[WHAT THE TASK REQUIRES]: Copy out each line of the listing below where the string "with" appears.

[DATA TO EXAMINE]:
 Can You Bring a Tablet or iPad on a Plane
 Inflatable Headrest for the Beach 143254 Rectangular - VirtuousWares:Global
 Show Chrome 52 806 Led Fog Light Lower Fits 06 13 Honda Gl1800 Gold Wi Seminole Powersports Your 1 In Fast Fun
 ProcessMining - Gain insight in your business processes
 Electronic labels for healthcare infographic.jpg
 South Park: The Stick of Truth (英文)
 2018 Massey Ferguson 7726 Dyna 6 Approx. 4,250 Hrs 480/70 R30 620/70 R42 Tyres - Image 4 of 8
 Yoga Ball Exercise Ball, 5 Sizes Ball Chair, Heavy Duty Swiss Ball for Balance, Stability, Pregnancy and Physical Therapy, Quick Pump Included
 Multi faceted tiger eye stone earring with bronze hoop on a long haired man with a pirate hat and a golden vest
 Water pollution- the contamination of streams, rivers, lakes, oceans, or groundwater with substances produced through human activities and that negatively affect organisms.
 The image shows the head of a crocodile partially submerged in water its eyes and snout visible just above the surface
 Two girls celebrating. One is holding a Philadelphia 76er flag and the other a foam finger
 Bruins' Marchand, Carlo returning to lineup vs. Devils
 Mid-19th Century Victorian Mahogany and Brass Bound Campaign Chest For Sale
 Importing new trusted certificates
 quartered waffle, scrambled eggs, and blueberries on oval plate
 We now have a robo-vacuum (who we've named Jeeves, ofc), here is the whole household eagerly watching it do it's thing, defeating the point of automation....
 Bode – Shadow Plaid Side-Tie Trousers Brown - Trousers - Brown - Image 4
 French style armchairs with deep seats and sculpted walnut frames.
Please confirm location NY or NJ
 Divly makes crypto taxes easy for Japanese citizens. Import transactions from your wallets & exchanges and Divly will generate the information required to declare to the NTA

[EXERCISE ANSWER]:
 Multi faceted tiger eye stone earring with bronze hoop on a long haired man with a pirate hat and a golden vest
 Water pollution- the contamination of streams, rivers, lakes, oceans, or groundwater with substances produced through human activities and that negatively affect organisms.
 French style armchairs with deep seats and sculpted walnut frames.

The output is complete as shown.